Строго говоря, никакая наука как система объективных знаний о действительности не может быть частью политики, потому что политика всегда субъективна и преходяща. Нет ни одной страны, где не шла бы политическая борьба различных идеологий и ее носителей – политических партий. Пристраиваясь к политике очередной правящей партии, педагогика перестает быть наукой. Науки с приставкой «партийная» или «политическая» не бывает, не может быть политической химии или биологии, также как политической истории или партийной педагогики. Исключение составляет политология, предметом которой является исследование именно политических отношений, но и она мигрирует в сторону обществознания.
Помимо неоконченной статьи «О смешении политики с педагогикой» в 55‑томном собрании сочинений Ленина можно найти немало его частных обращений к теме образования и воспитания. Некоторые из них, например речь «Задачи союзов молодежи» на Всероссийском съезде РКСМ, становились политическим манифестом, с которым сверялись теория и практика воспитания. Но отнести что-либо из его трудов к научной педагогике было бы неверно, все они носят общефилософский, чаще – политизированный характер, мотивируя переход школы из обучающего в идеологический институт. Трудно понять также, о чем говорит многоточие, которым завершается рукопись статьи Ленина.

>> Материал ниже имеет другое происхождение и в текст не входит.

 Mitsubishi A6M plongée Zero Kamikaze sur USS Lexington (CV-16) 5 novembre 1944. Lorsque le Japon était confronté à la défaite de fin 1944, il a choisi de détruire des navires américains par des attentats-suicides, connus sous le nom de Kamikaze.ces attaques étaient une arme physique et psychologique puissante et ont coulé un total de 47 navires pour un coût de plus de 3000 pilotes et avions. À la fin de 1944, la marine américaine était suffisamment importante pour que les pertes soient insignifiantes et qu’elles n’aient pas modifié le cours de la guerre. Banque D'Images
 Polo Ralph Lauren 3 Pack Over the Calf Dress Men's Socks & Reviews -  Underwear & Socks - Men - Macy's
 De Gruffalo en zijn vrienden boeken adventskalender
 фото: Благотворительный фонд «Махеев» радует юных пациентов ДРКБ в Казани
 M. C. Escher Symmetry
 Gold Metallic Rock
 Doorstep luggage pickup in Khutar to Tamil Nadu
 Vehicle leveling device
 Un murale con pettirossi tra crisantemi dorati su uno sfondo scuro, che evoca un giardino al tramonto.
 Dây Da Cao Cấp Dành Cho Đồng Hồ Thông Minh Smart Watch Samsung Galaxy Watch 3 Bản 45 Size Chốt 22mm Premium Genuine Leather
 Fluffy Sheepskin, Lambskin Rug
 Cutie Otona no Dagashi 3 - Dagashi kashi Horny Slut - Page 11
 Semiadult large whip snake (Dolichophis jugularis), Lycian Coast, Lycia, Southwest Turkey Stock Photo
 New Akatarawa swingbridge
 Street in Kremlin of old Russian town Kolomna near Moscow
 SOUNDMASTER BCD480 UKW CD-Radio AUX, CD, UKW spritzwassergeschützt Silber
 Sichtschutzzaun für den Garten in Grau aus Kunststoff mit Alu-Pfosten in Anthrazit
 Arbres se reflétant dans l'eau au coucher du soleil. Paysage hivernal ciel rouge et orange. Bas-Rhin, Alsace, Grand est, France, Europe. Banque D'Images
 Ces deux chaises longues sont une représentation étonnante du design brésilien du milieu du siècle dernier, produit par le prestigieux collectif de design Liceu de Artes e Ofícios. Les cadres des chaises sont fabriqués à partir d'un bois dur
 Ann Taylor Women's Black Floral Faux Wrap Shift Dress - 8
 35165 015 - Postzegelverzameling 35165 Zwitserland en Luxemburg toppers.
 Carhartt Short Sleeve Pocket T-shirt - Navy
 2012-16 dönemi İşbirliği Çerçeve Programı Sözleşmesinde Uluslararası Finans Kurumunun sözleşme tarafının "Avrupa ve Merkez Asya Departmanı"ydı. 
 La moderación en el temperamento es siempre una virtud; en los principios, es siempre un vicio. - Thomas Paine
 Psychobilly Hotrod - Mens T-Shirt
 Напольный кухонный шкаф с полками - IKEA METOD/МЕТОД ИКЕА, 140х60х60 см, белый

То ли за этим неоконченная мысль, то ли попадание автора в логический тупик при «смешении политики с педагогикой».
Вновь сошлемся на неосмотрительную для того времени оценку теоретика ранней советской педагогики профессора Пинкевича: «Ленин не был писателем-педагогом». Возникает вопрос, кому же тогда обязана педагогика марксизма-ленинизма своим названием? Ответ на него трудный, но исторически неотвратимый.
Отцами-основателями советской педагогики были ученые, предавшие научные принципы. Многие, но не все, удобно встраивались во власть, отказывались от научной объективности и прилаживали педагогику к текущей политической конъюнктуре. С высоты нашего времени говорить об этом легко, сложнее понять гнетущие условия, в которых им пришлось творить. Эпоха обожествления вождей, наделения их нечеловеческими чертами, вынужденная подмена научных положений цитатами из их речей – так создавалась педагогика марксизма-ленинизма.
Их стараниями с не оконченной Лениным рукописи «О смешении политики с педагогикой», более 20 лет пролежавшей в безвестности, стряхнули пыль и опубликовали. Когда ее читаешь, невольно думаешь: уж лучше бы и не находили. И жалеешь о том, что «рукописи не горят».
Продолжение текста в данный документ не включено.